Выбрать главу

Я слушала описание этого режима как нечто чудовищное.

— Ну а как вы отдыхаете?

— Я не имею права отдыхать. Ведь мне — только прошу вас — между нами, — мне уже тридцать пять лет. Скоро меня перестанут ангажировать. Надо обеспечить себя на будущее. Но на две недели в году я уезжаю к морю. Тогда я по целым дням лежу на террасе или под тентом на пляже. Я очень рано ложусь и очень рано встаю. Приходится соблюдать самую строгую диету, а я так люблю вкусные вещи!

Мне было ее ужасно жаль: жизнь проходила мимо нее.

А вот другой мой партнер, бывший артист МХТ Григорий Михайлович Хмара, ни в чем себя не ограничивал и жадно вкушал все блага жизни. Я помнила его по Москве, он чудесно играл извозчика Джона в «Сверчке на печи» Ч. Диккенса. Зрители полюбили его; Станиславский, Вахтангов, Сулержицкий считали его одним из самых талантливых актеров Первой студии. В 1921 году он уехал за границу… Он говорил мне во время наших съемок, что этот отъезд был вызван чисто личными, глубоко интимными обстоятельствами. Никакого политического антагонизма к советскому строю у него не было и в помине. По всему его духовному облику, по его связям, происхождению ясно было, что его «эмиграция» — явление случайное, следствие его стихийной, необузданной натуры. За эту, пусть невольную, вину его постигла жестокая кара. Он погиб как художник, хотя продолжал время от времени сниматься в кино, иногда участвовал в каких-то полулюбительских спектаклях. В тот период он был женат на замечательной артистке, одной из самых ярких и оригинальных актрис немого кино — Асте Нильсен. Я помнила ее с детства, еще по довоенным скандинавским фильмам; после войны она работала в Германии и по праву заняла ведущее положение в немецком кино.

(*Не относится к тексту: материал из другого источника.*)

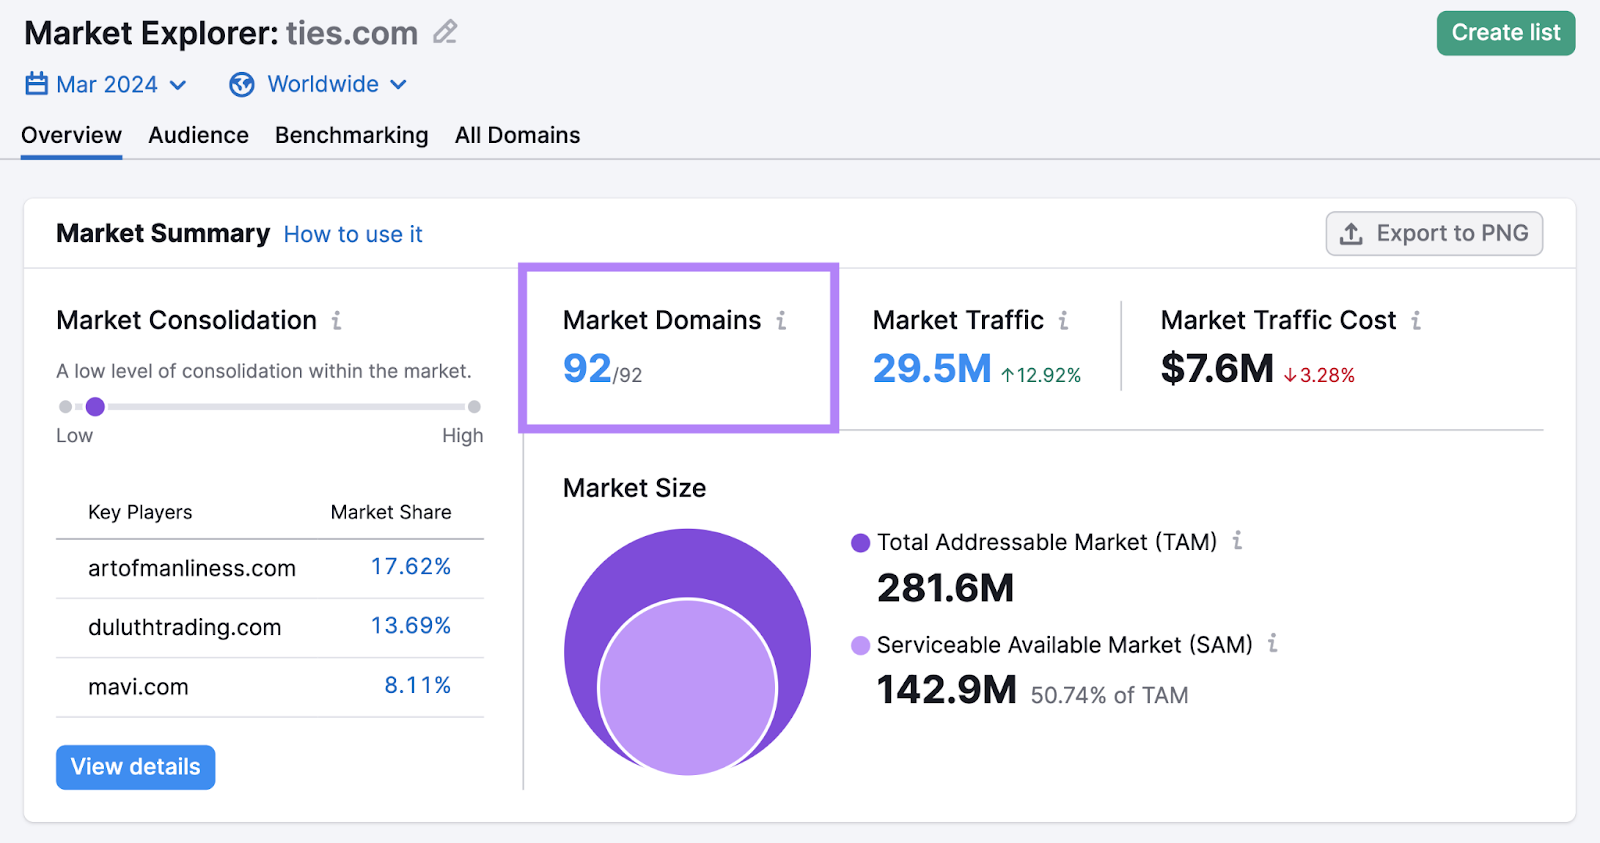 ties.com has 92 market domains

В «Деле прокурора М.» Хмара играл роль опустившегося богемца, жалкого, пьяного, но чистого душой человека.

Я так и запомнила его в этом образе — поношенный костюм, сбившийся галстук, помятая шляпа и неразлучная гитара в руках. Эта гитара доставляла мне много радости в перерывах между съемками. Хмара охотно и много играл и пел старинные цыганские романсы, а также новые, с его собственной музыкой; особенно мне запомнился его романс на слова А. Блока:

Опустись, занавеска линялая, На больные герани мои.

Он говорил мне о том, как тоскует по родине, по друзьям, по любимой Москве, по серьезной работе в театре, по требовательному руководству. Все это было у него еще совсем недавно, был успех… Сознание своей ошибки, главное, сознание непоправимости своей ошибки угнетало его и придавало такую искренность цыганскому надрыву его романсов, что просто дух захватывало.

С отвращением говорил он о делячестве многих кинопродюсеров, об отсутствии у них вкуса, любви к искусству. Иногда он мечтал, что наше крепнущее, молодое кино пригласит его и Асту и примирит таким образом все противоречия в его жизни.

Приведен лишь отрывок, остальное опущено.